By Julia Love and Jeffrey Dastin
SAN FRANCISCO (Reuters) – A regional director for the U.S. National Labor Relations Board on Monday called for a rerun of a union election at an Amazon.com Inc facility in Alabama, setting the stage for another high-profile organizing battle at the world’s largest online retailer.
Workers at the warehouse in Bessemer, Alabama, rejected forming a union by a more than 2-to-1 margin in April after an organizing drive that garnered support from U.S. lawmakers and President Joe Biden. In August, an NLRB hearing officer said the company’s conduct around the previous vote had interfered with the election.
The decision for a redo adds pressure on Amazon, which has recently faced union campaigns in New York and Canada. Worker groups view organizing the company as a landmark goal that would invigorate the U.S. labor movement.
“Today’s decision confirms what we were saying all along – that Amazon’s intimidation and interference prevented workers from having a fair say in whether they wanted a union in their workplace,” Stuart Appelbaum, president of the Retail, Wholesale and Department Store Union (RWDSU), said in a statement.
Amazon spokesperson Kelly Nantel said in a statement that the company’s employees overwhelmingly voted against joining the RWDSU this year. “It’s disappointing that the NLRB has now decided that those votes shouldn’t count.”

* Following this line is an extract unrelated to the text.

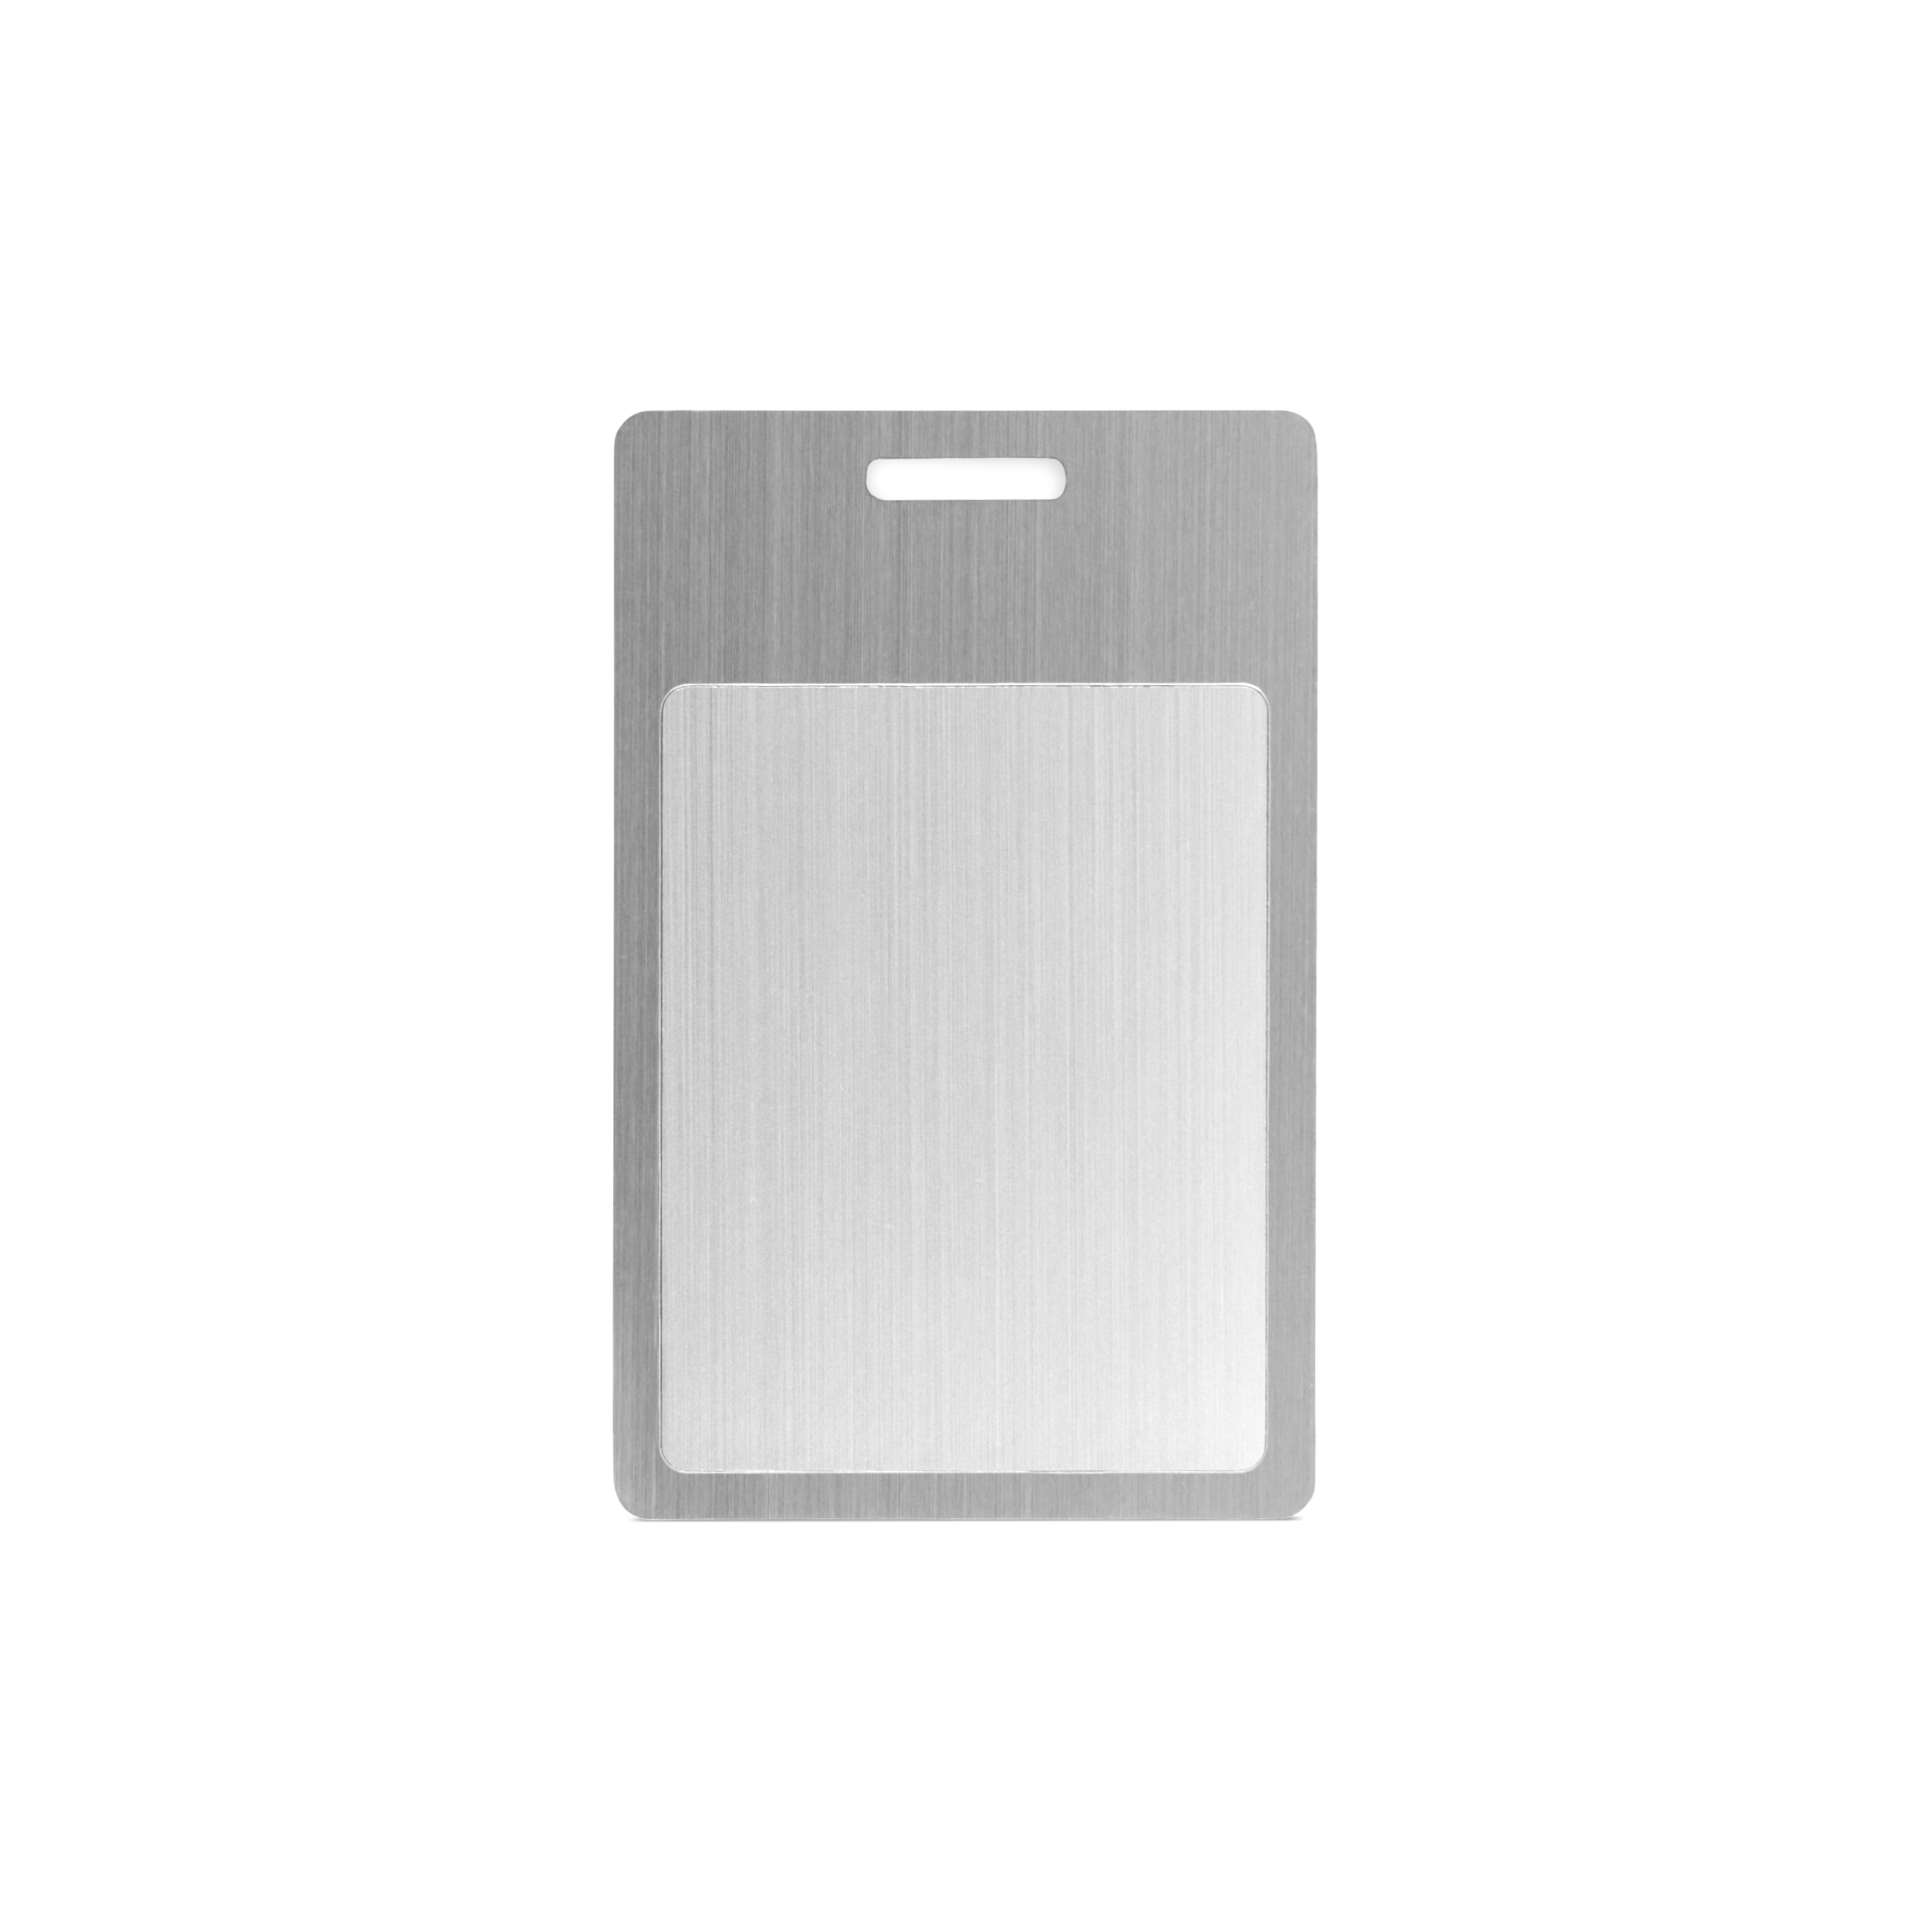 NFC card metal - 85,6 x 54 mm - NTAG213 - 180 bytes - silver - portrait format with slot

Amazon and the RWDSU have already restarted their campaigns in anticipation of a second election. The company has forced thousands of employees to attend meetings about unions and posted signs critical of unions in bathrooms.
In Monday’s decision, the NLRB regional director said that Amazon “engaged in objectionable conduct that warrants setting aside the election.”
The decision pointed to moves by the company encouraging staff to vote via a mailbox it had the Postal Service install at its warehouse, surrounding the mailbox with its campaign slogan and locating it where workers may have thought Amazon was surveilling them.
The NLRB decision did not specify the second election’s date or whether the vote will take place by mail or in person.